I meet my friend and his brother at his pontoon boat; we headed down river around 8 P.M. My friend headed the boat for the Mill Creek to net some shad for bait. They were a little hard to get, did net around 14 in around 30 minutes. 
We anchored up just below the Mill Creek and got our lines in the river 
about 9:30. At 10:10 my reel just started singing, pulled back and knew I had a nice fish. In the darkness it was hard to see where my line was, finally got a flash light on the water. It was then I realize this fish was heading under the boat. It took some effort to get it to the side of the boat so it could be netted. My friend got the fish in the net and then the line broke. 

The Bluecat weighted 17.5 pounds and was 34 inches long. That fish took my garlic scented chicken breast instead of the fresh shad on all the other rods.

We headed back up to the marina around 11 since no more bites. It was a nice night to out on the river, marked a lot of fish they just had lock jaw.

Here are the photos of the Blue cat!


----------



## dinkbuster1 (Oct 28, 2005)

gotta love that chicken breast! i have had it out perform shad on many occasions.


----------



## hunterm (Apr 22, 2004)

You've had a good couple of trips on the blues of late.. Congrats!


----------



## Gottagofishn (Nov 18, 2009)

That is one good lookin Cat.
Nice job!


----------



## Doctor (Apr 5, 2004)

Nice fish Norb, Man you fish with some weird baits and are very productive at it, I need to keep that in the back of my mind when Shad and Skips are scarce.................Doc


----------



## Salmonid (Apr 14, 2004)

Nice fish Norb!! I agree with Dink and Doc, and that its funny at all the tourneys how the first 3 -4 places will all say , "they would only hit Skippies, wouldnt touch shad or mooneye, then the next place says, they only would hit mooneyes and wouldnt touch the shad or skippies, and the next team will say they got em on Shad as there skippies and mooneyes wouldnt get a hit.
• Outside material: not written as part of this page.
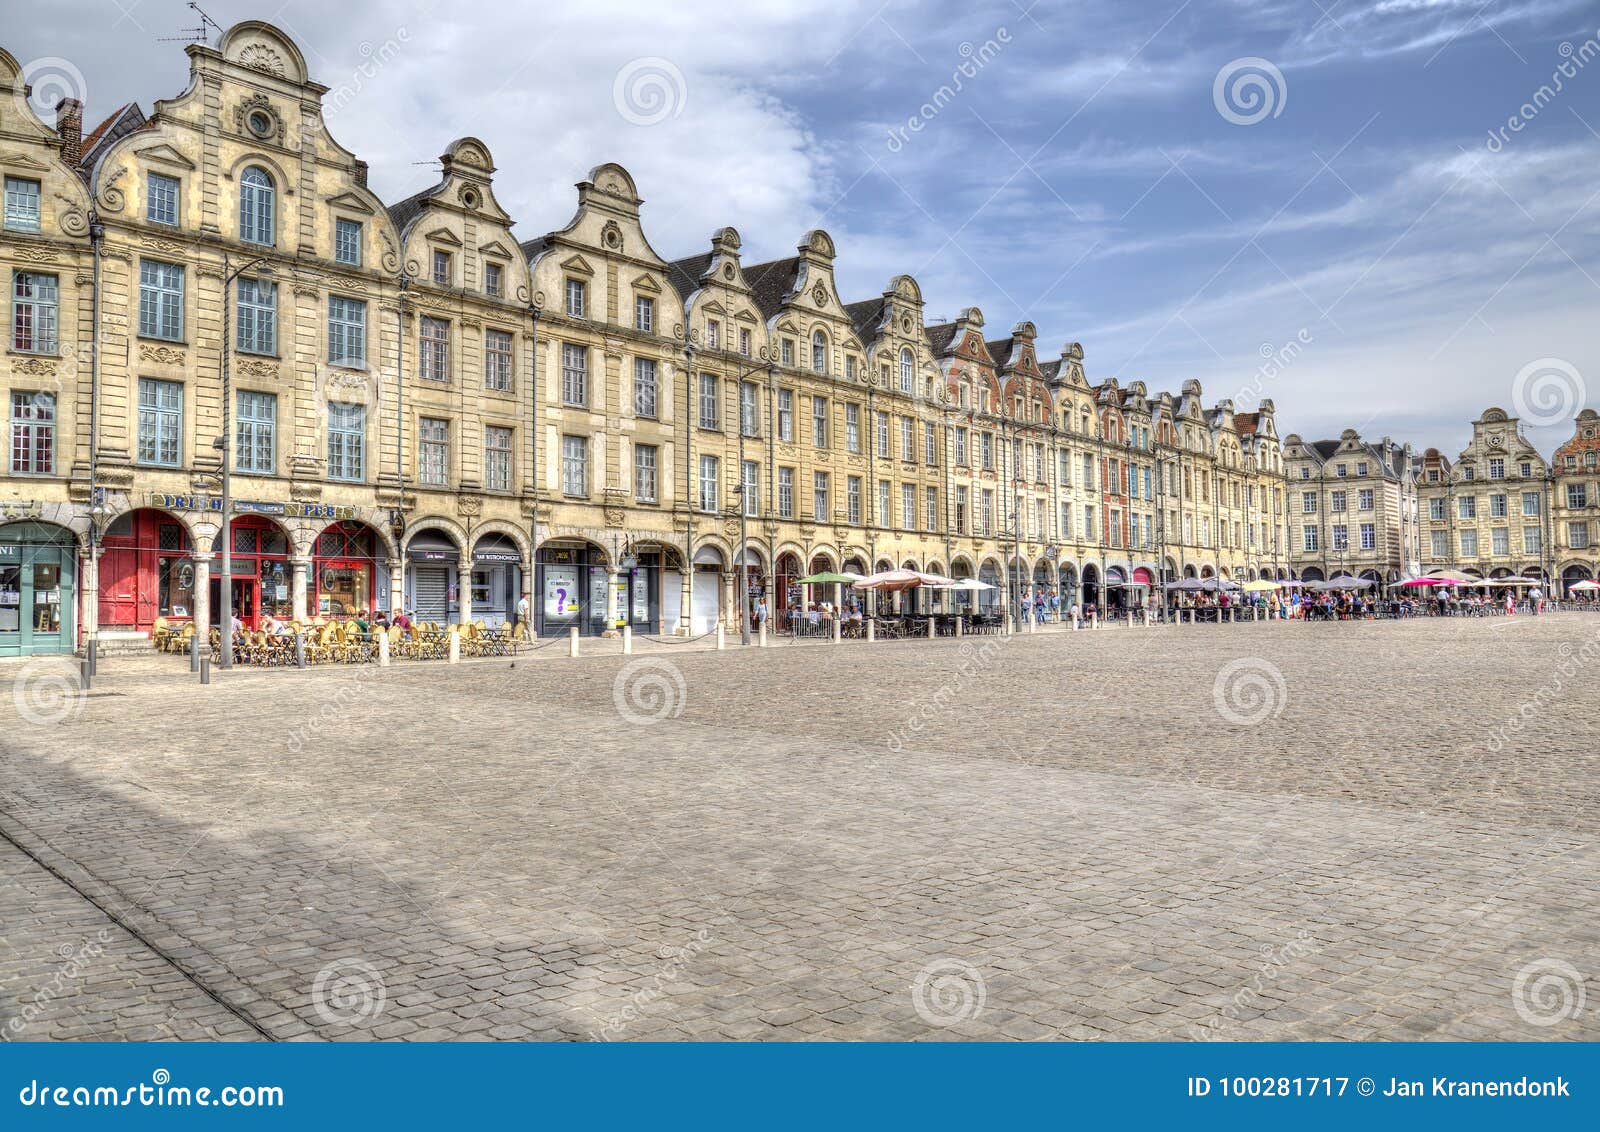 Arras marketplace in France. Arras, France - May 28, 2017: People sit at restaurants on the market place or town square in Arras in France on May 28, 2017
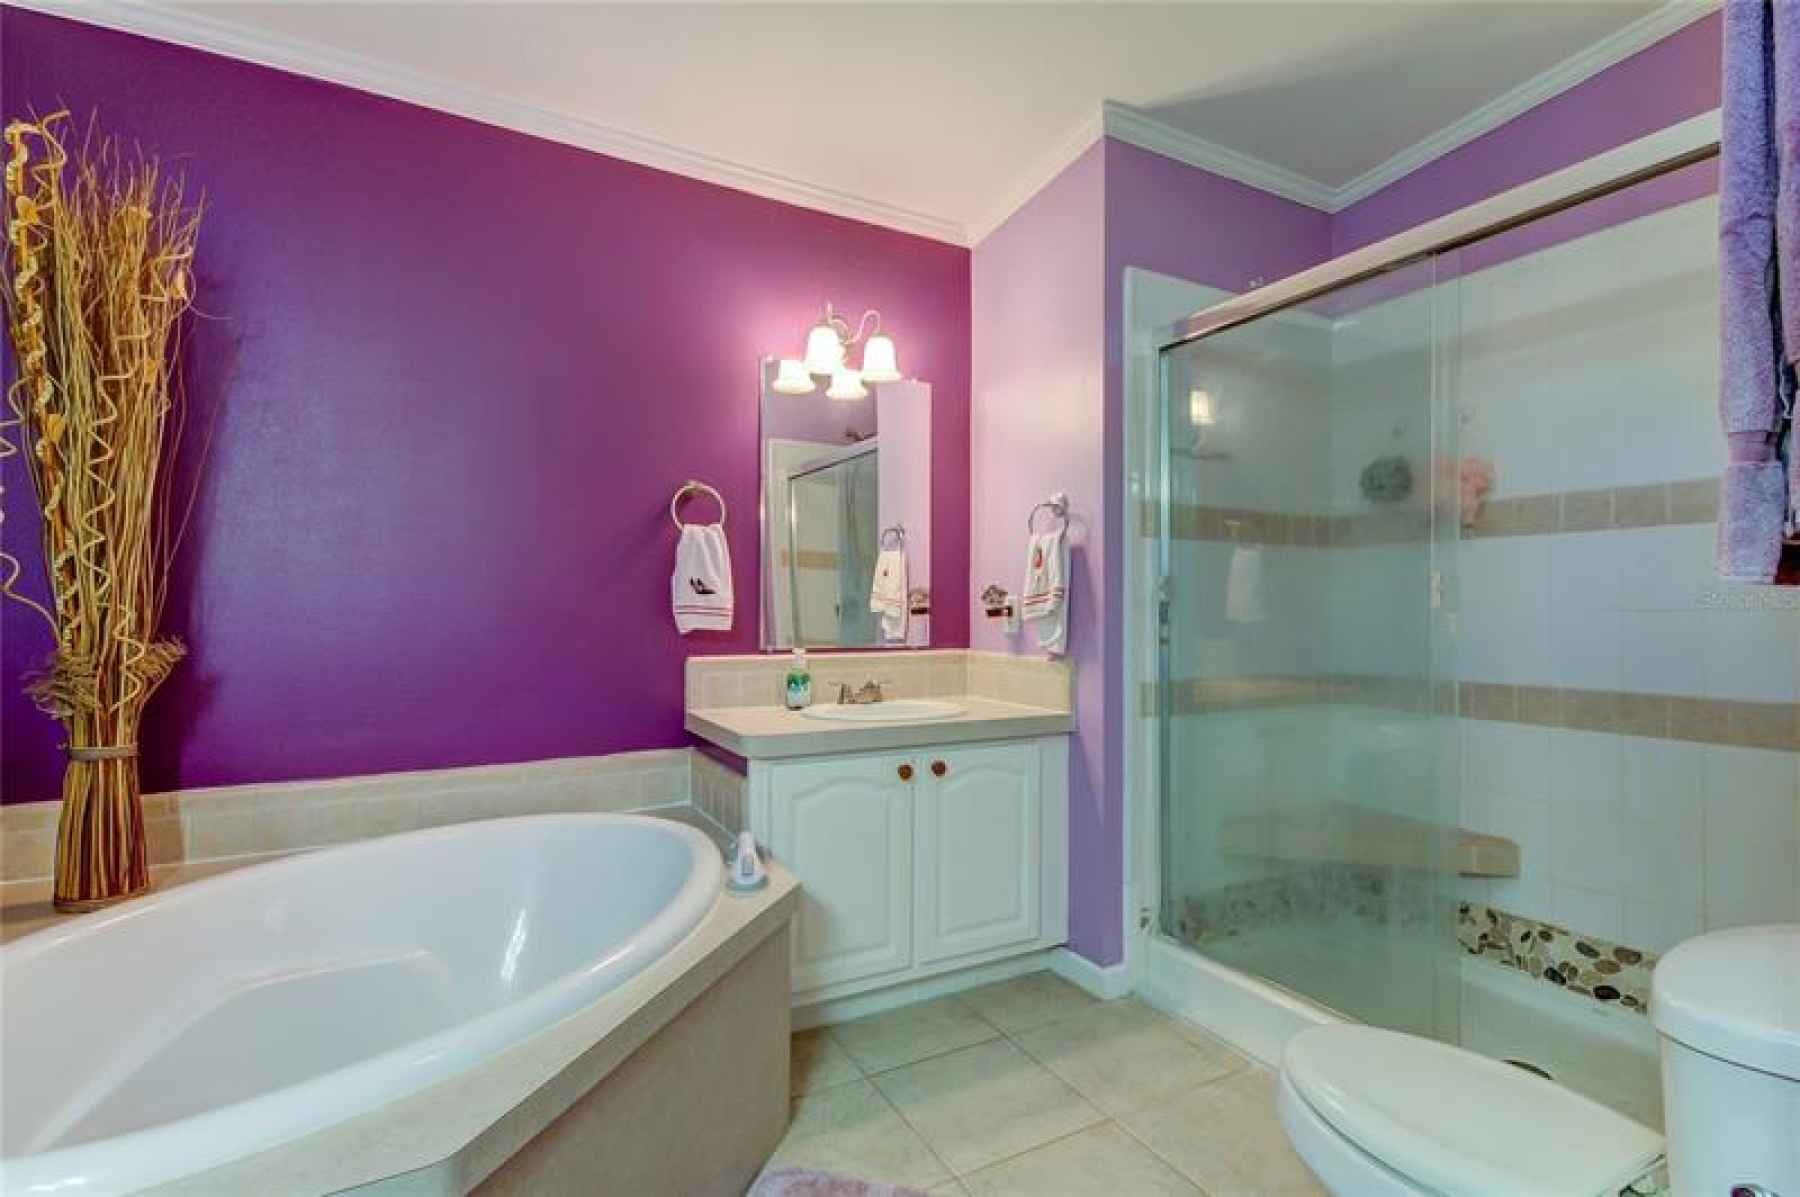 LARGE WALK-IN SHOWER & TUB TO SOAK IN!

Its ironic but ultimately, as wild predators, if they are feeding, they are not passing up a meal, no matter what it is. Just look at bass and some of the weird bais that are used to catch bass, look nothing like any natuaral prey. 

I am sure seasonally and if certain fish are following a certain school of say shad, that might be preferred over another, but I think thats more the exception then the rule. 

Recently fishing locally, I took a carp on a crank bait, a spotted bass on a piece of cut shad and last night in my pond, took a nice perch on a shad head...all out of the normal bounds of what we think of as bait....or is it, food for thought....... again, keep getting them Norb, the bite has been good lately, Me and Mellon are headed down Sat am

Salmonid


----------



## longhaulpointer (Mar 12, 2009)

man that fish looks a lot bigger than 17 lbs, nice and long. I fish that area alot but usually drift it from the creek to the anchored barge at the bend. Lot of snags but productive


----------



## JamesT (Jul 22, 2005)

Nice catch!


----------



## GhostX (May 24, 2010)

That is a nice blue, and yes I agree with longhaul, sure looks a lot bigger than 17lbs.


----------



## Booosh (Jun 2, 2006)

nice looking fish


----------



## gregtina (May 30, 2010)

nice pic......wish there was better big cat fishing here


----------



## esker3 (Jun 13, 2010)

Hopefully this isnt a stupid question but, whats up with chicken breast bait. I usually use shrimp and all the other usual suspects but havent heard of the chicken.


----------